While switching the dplyr to data.table could probably speed it up even more, right now we’re down to about 14 minutes runtime for a 1000 iterations.

Eliminate redundancy

But we can then recognize that our table currently has a lot of redudancy: we have many browsers that have 1 visit and 0 conversions, 2 visits and 0 conversions, etc.

Therefore, we can make our code faster by: - Transforming our table so each row is a unique combination of visits & conversions, with a column that is the number of browsers with that combination. We can do this in SQL and output the table as “count of counts”.

with counts as (
  SELECT count(*) as total_visits, sum(converted) as converted 
  FROM erobinson.simulate_fp_search
  GROUP BY browser_id
)
  SELECT count(*) as n, total_visits, converted
  FROM counts
  GROUP BY total_visits, converted

To follow along, run the R code to create count_of_counts.

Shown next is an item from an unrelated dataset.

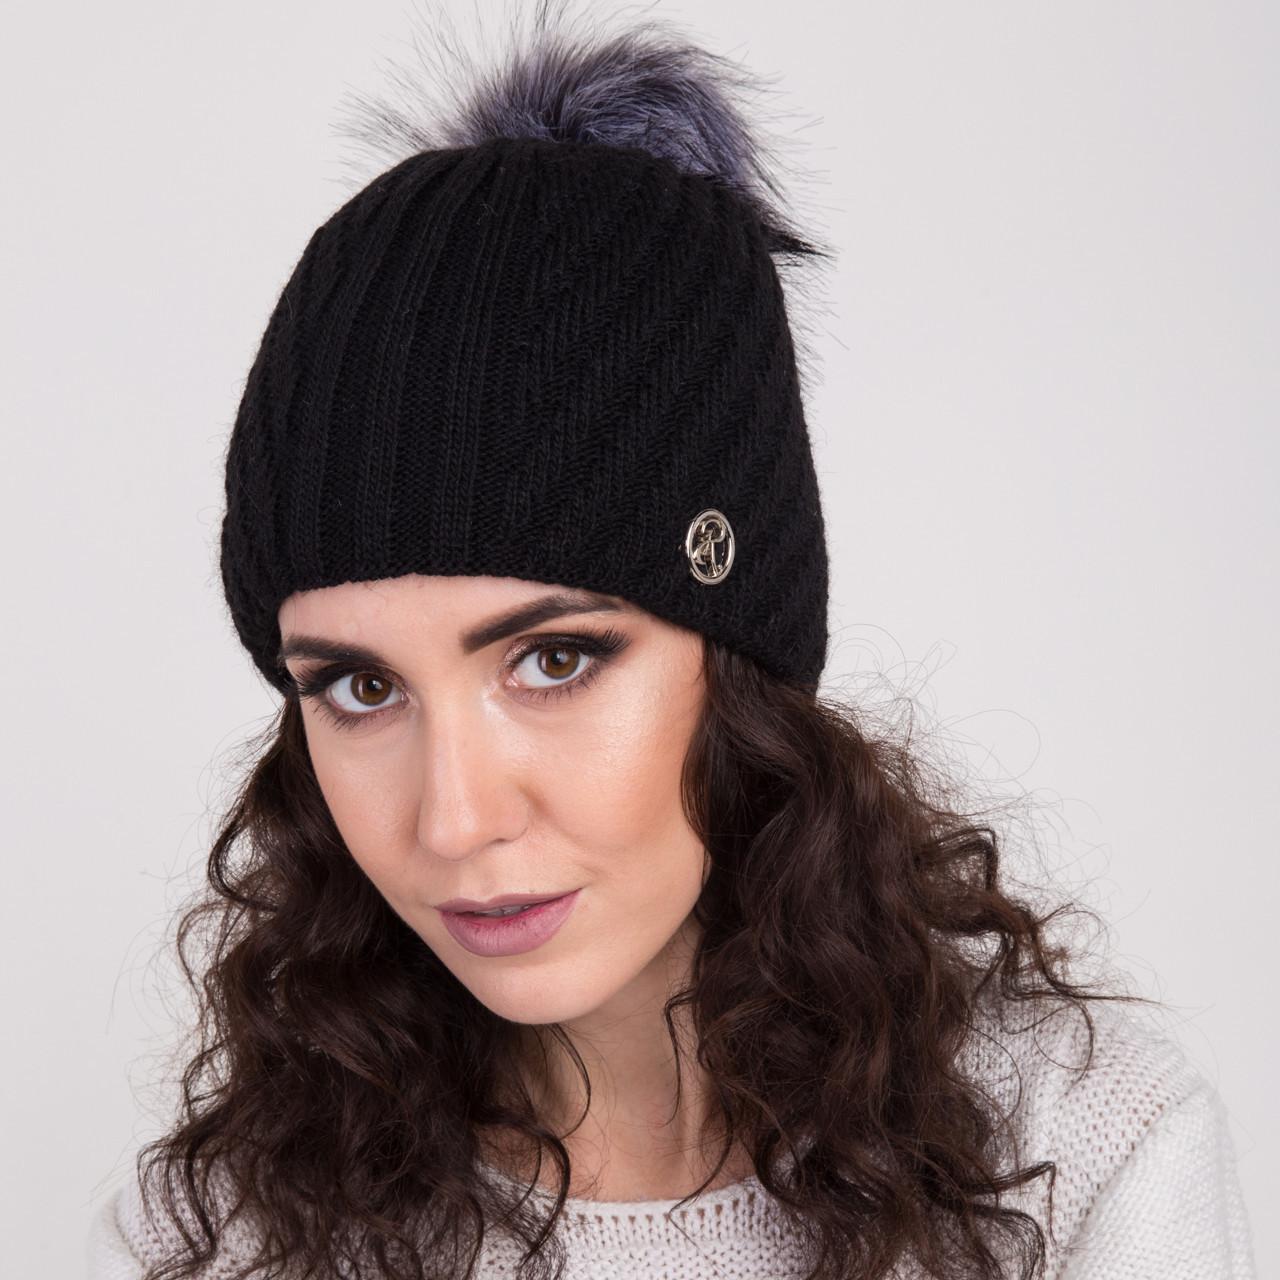 Женская вязанная шапка с меховым помпоном - зима 2018 - Арт 2148 (черный)

count_of_counts <- search_visits %>%
  count(total_visits, converted)

Using the binomial distribution to simulate splitting browsers into A and B groups.

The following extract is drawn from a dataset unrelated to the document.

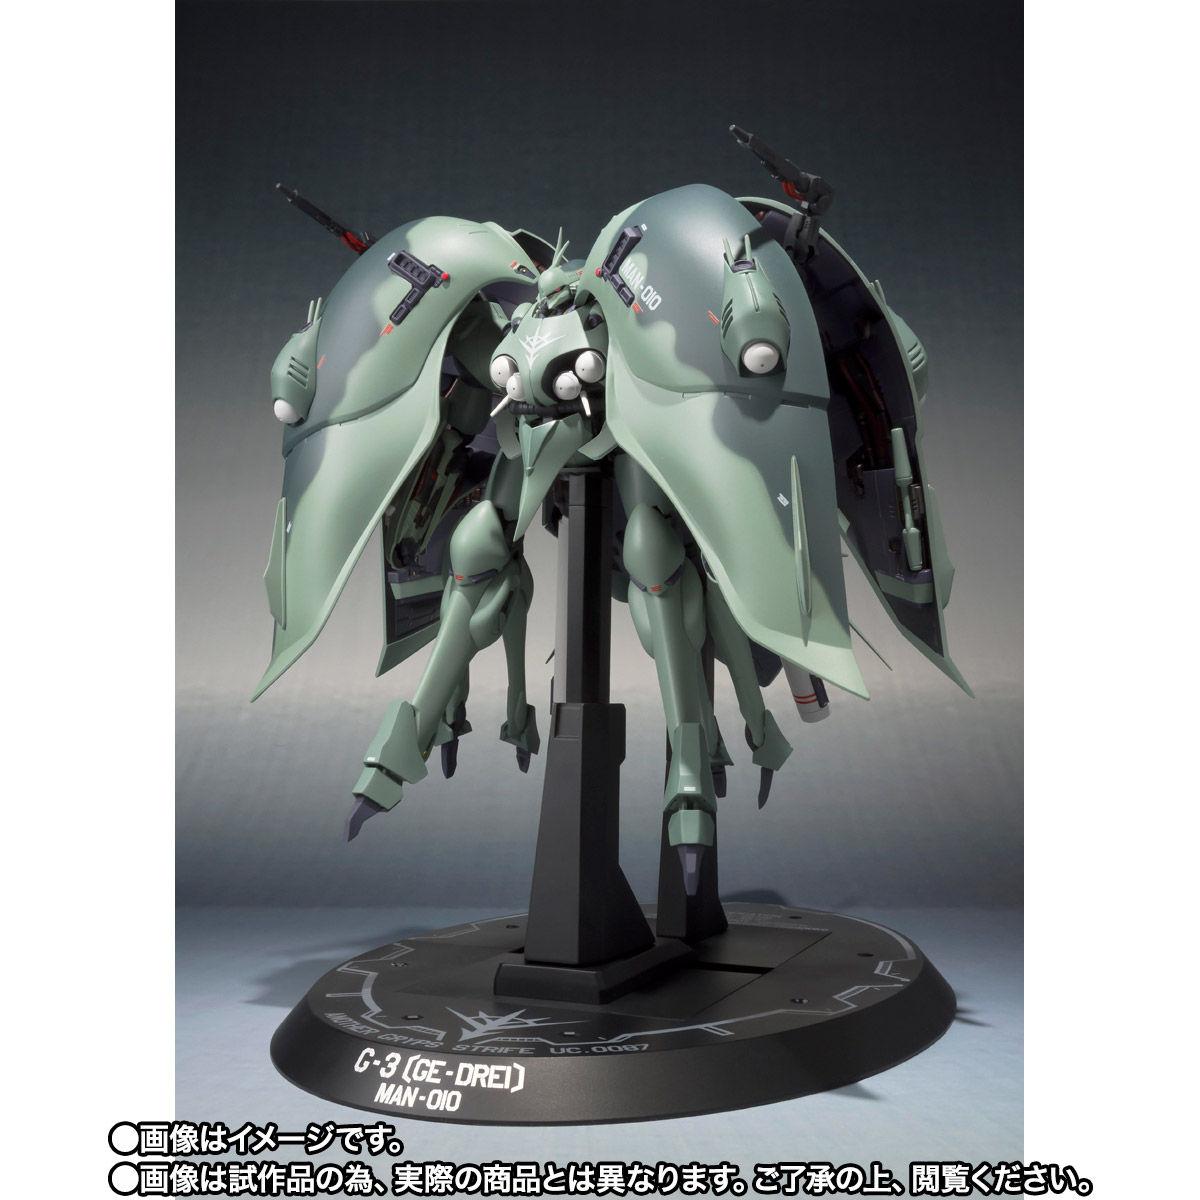 【限定販売】ROBOT魂〈SIDE MS〉『ゲー・ドライ(重塗装仕様)』Zガンダム 可動フィギュア-009

Because the bernoulli distribution is just a special case of the binomial distribution where n = 1, we’re doing the same process as before, but we do many fewer computations!

As before, summarizing the number of visits and conversions in each group and apply our proportion test.

library(dplyr) 

simulate_p_value <- function() {
  # put about half (with binomial sampling) in each group
  result <- count_of_counts %>%
    mutate(A = rbinom(n(), n, .5),
           B = n - A) %>%
    summarize(total_A = sum(total_visits * A),
              total_B = sum(total_visits * B),
              converted_A = sum(converted * A),
              converted_B = sum(converted * B))

  prop.test(c(result$converted_A, result$converted_B), 
  c(result$total_A, result$total_B))$p.value
}

sim_pvals <- replicate(1000, simulate_p_value())

false_positive_rate <- sum(sim_pvals < .05)/length(sim_pvals)*100

Vectorize

While the previous code is pretty fast, we can get it even faster by vectorizing the prop test. If you’re not familiar with vectorization in R and why it’s faster, check out Noam Ross’s excellent blog post.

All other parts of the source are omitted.